Some research conducted by computer scientists combines computer science methods with some knowledge of linguistics, as for example outlined in [5, 6]. However, linguistics plays only a minor role in these studies, and the projects themselves almost never include linguist participants. Obviously, computer scientists are very useful for timely detection of fake news, but linguistics will help advance this work: As noted in a report by the Reuters Institute, an automated fact-checker in 2018 could only identify simple declarative statements such as “Donald Trump President of the United States”. Automated factchecking has not yet identified:
implied statements that may be false even if the direct statement is true;
statements embedded in complex sentences in which case the embedded statement may be false even if the complex sentence is true;
cross-references such as anaphora.
Humans readily recognize both implicit and embedded statements and can readily recognize anaphora. Obviously, language is much more than simple declarative sentences, and therefore the project requires qualified linguists on the team.
Studies of fake news, conducted within media and computer sciences in particular, tend to be content-based and focus on what is true and what is false.

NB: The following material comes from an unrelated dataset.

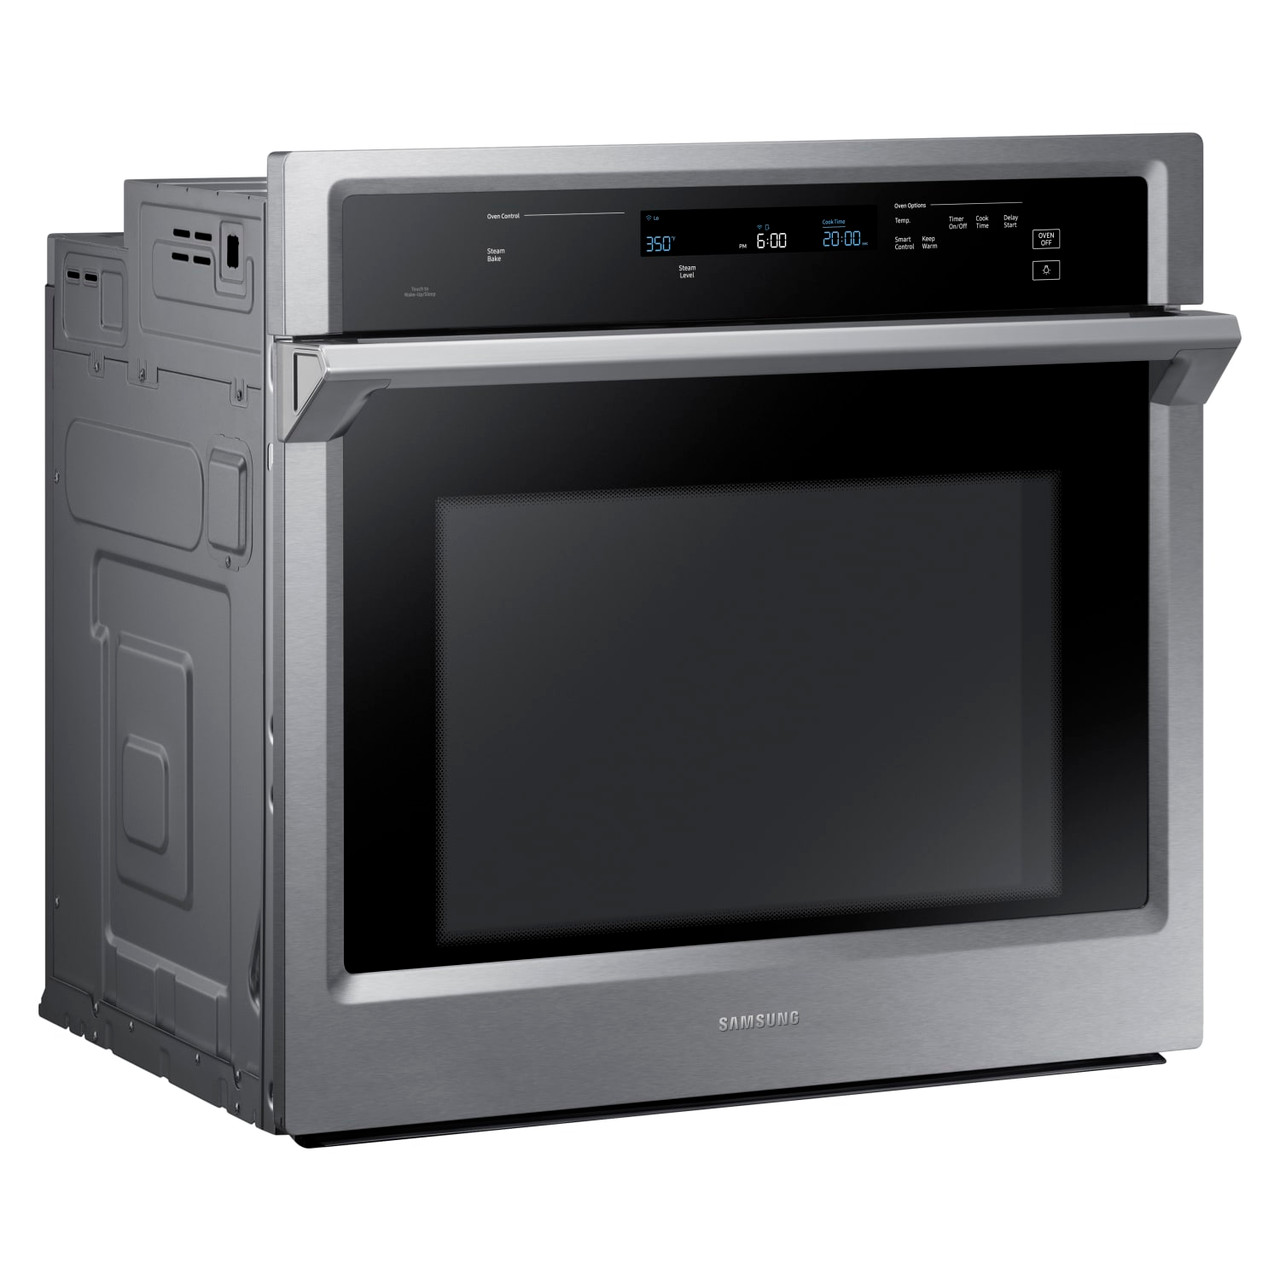 Samsung 30” Single Wall Oven in Stainless Steel - NV51K6650SS

One of the problems with this dichotomy is that the news is often neither completely true nor completely false. The political fact-checking service "PolitiFact", for example, operates with the following degrees of credibility of statements [3]:
true; almost true (mostly true); half true; barely true;, false; “pants on, fire”.
Thus, fake news is not just a question of what is false and what is true, and not about the reliability of their sources: fake news sources sometimes report the story correctly, and serious and authoritative media sometimes report it incorrectly [7]. In the course of the project, it was established that fake news is determined rather by the author's intention to deceive. And the author's intentions are reflected in the language he uses. In particular, based on the analysis of large samples of natural language, corpus linguists have demonstrated that there are systematic variations in the structure of language depending on the communicative purpose of the author (op. cit.). When telling stories, more past tense verbs and third person pronouns are used. On the other hand, when explaining something, more nouns and prepositions are usually used. When communicating, more questions and exclamations are used. In other words, “the grammar of the text reflects its purpose”. Thus, the language of fake news, namely its structure, rather than its content, may be the key to its detection.
Based on this insight, “Grieve & Woodfield” in 2023 conducted a study of news by Jason Blair [7, 8], which produced very intriguing and promising results. Briefly, the researchers compared and analyzed datasets of fake and genuine articles written by the same author. In particular, in the early 2000s, Jason Blair, a former NYT reporter, was found to have fabricated news from time to time. The NYT began an investigation and, in particular, flagged fabricated texts, resulting in two sets of data: true news;_ fabricated stories.
“Grieve & Woodfield” submitted these two data sets for verification to “Register Analysis”, suggesting that given the different communicative purposes of the texts (deceive or inform) in these two sets, true and fabricated texts should be grammatically distinct [7]. They compared the relative frequencies of certain grammatical features in the two sets of texts, and their overall conclusion is that Blair writes in a more formal style in his true stories, while he is more “engaged” in the fictional stories.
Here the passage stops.